Key insights and climate applications
The examples in this notebook illustrate fundamental principles that apply across all probability distributions:
Distribution functions work together: PDFs/PMFs, CDFs, and quantile functions provide complementary views of the same underlying uncertainty.
Discrete and continuous cases follow similar logic: The mathematical relationships remain consistent whether dealing with counts or continuous measurements.
Multiple variables require joint modeling: Real climate systems involve correlated variables that must be modeled together for accurate risk assessment.
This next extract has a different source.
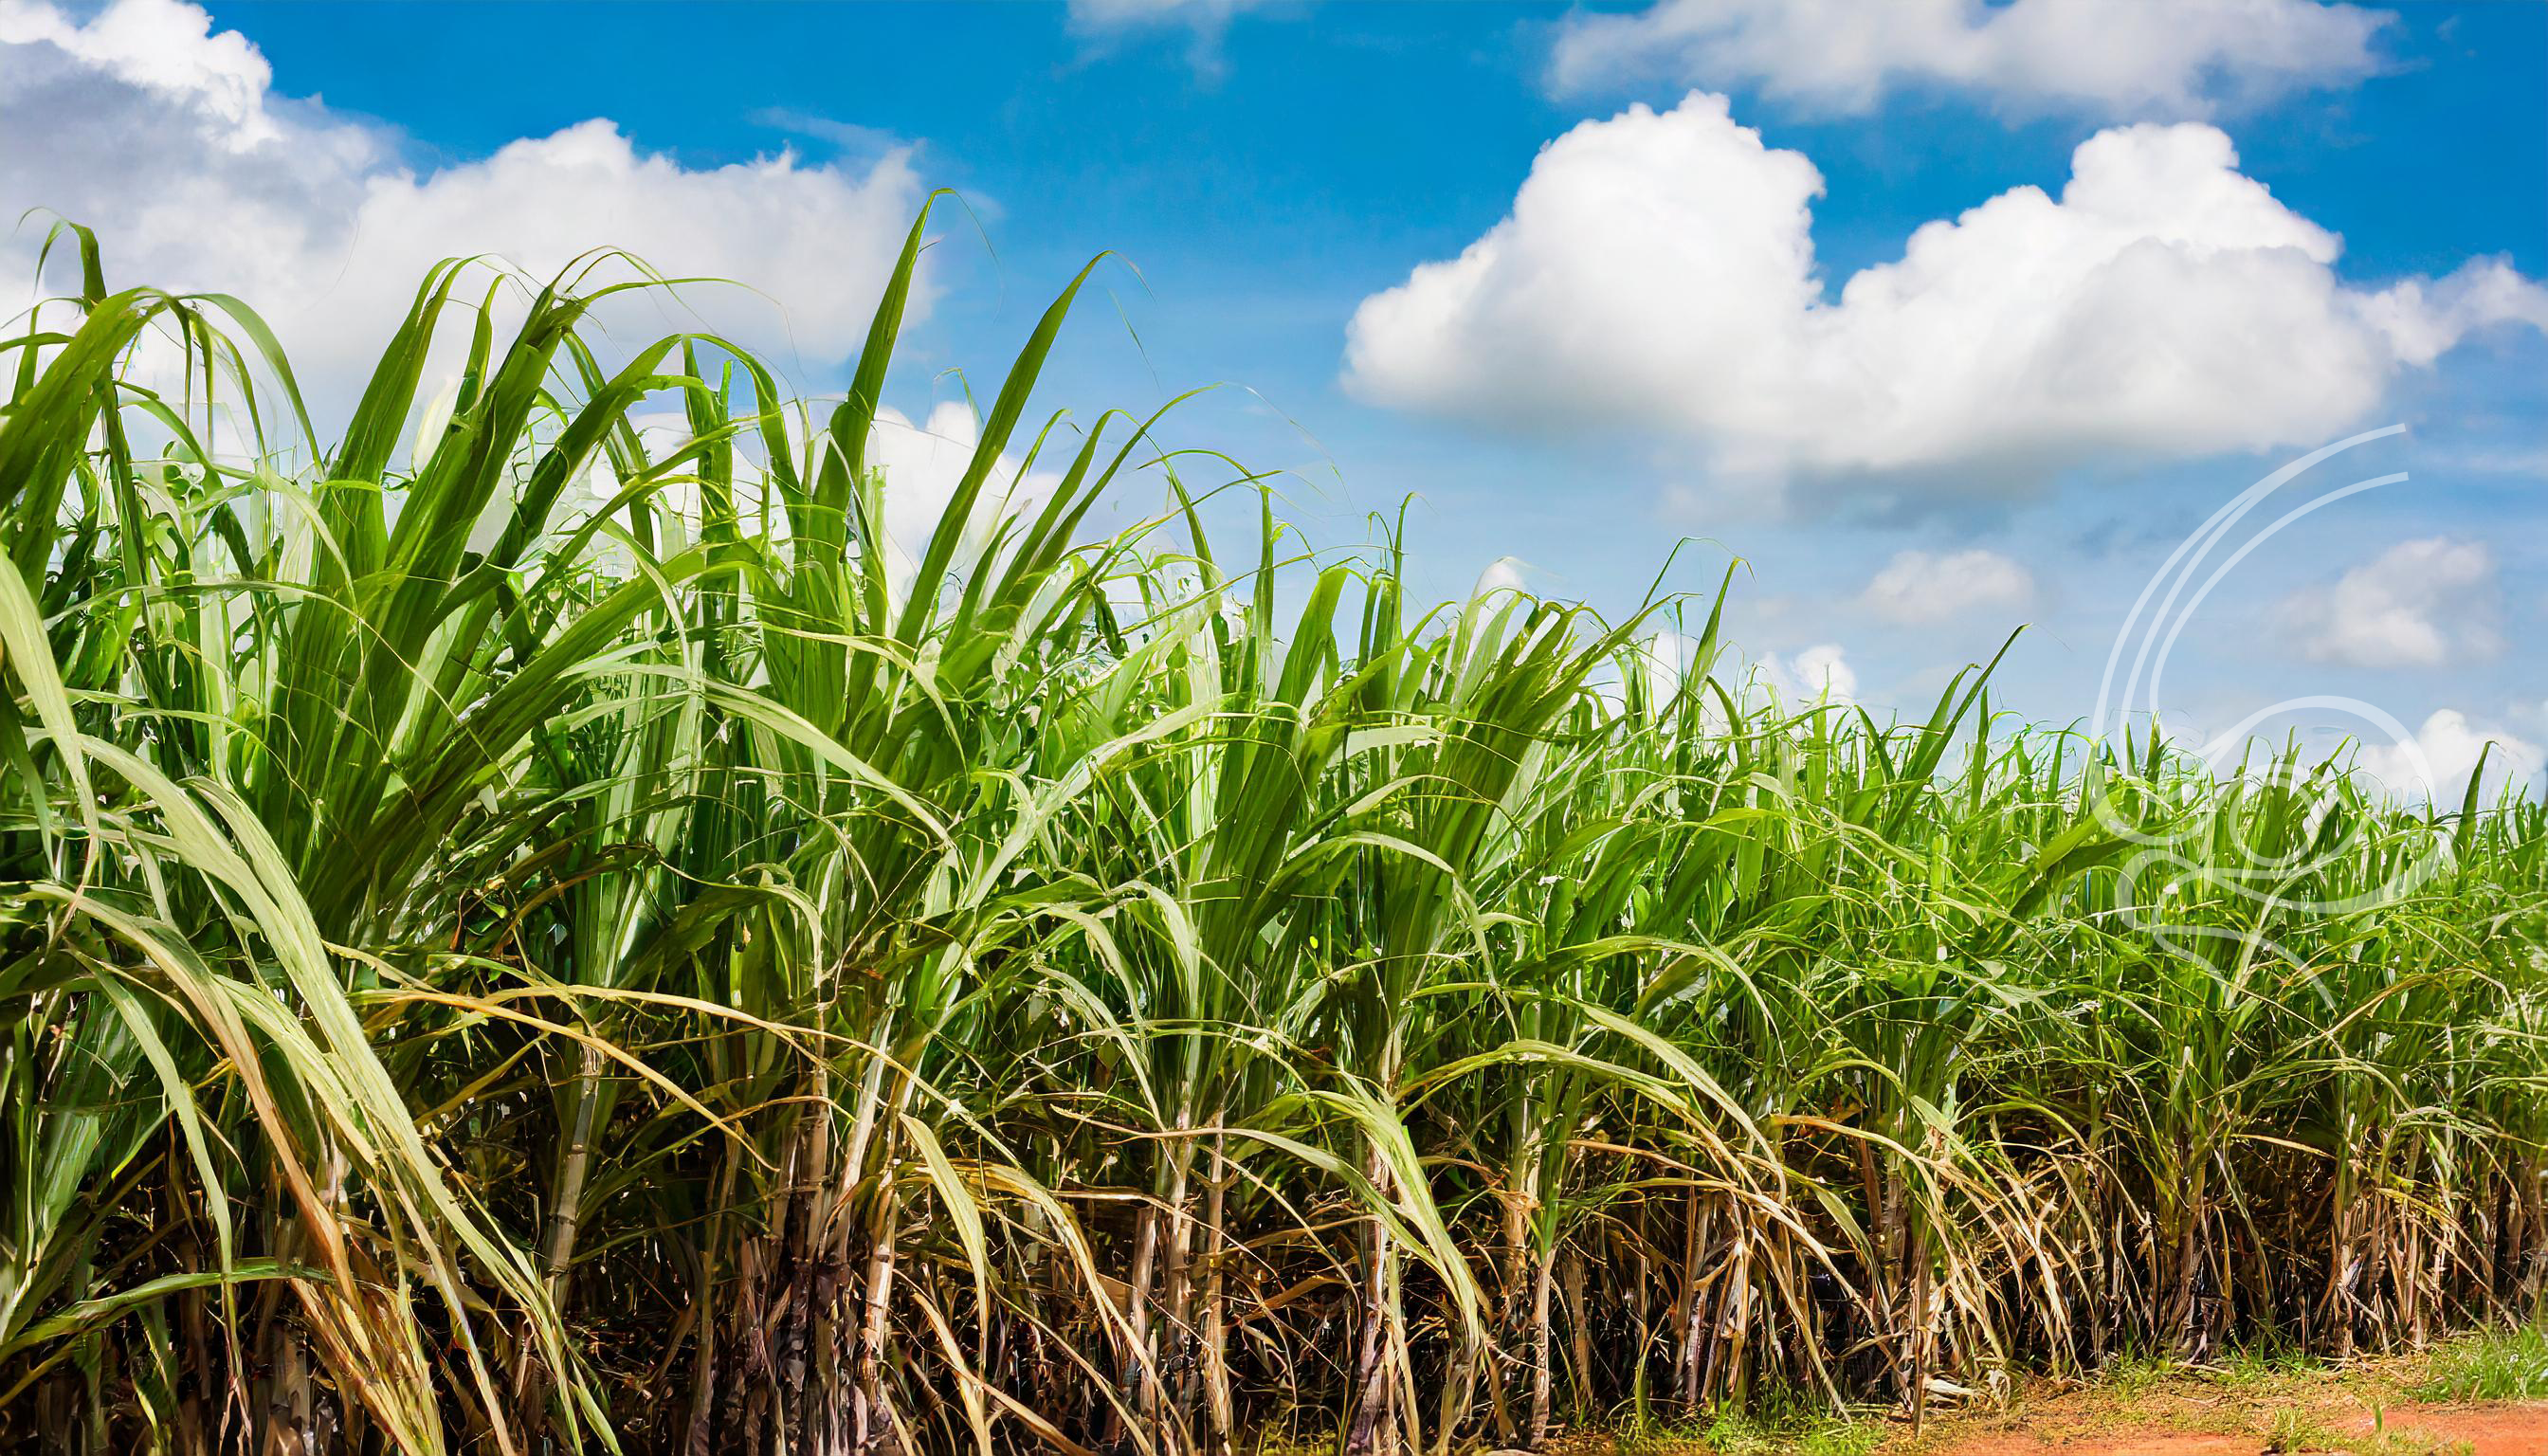 Moagem de cana-de-açúcar em Minas Gerais alcança 18,8 milhões de toneladas

In climate applications, these concepts appear when: - Modeling temperature distributions to assess heat wave probabilities - Analyzing extreme precipitation using heavy-tailed distributions - Understanding joint temperature-humidity relationships for heat stress assessment - Characterizing the frequency of compound events like concurrent drought and heat
The computational tools demonstrated here provide the foundation for more complex statistical inference methods covered in subsequent notebooks.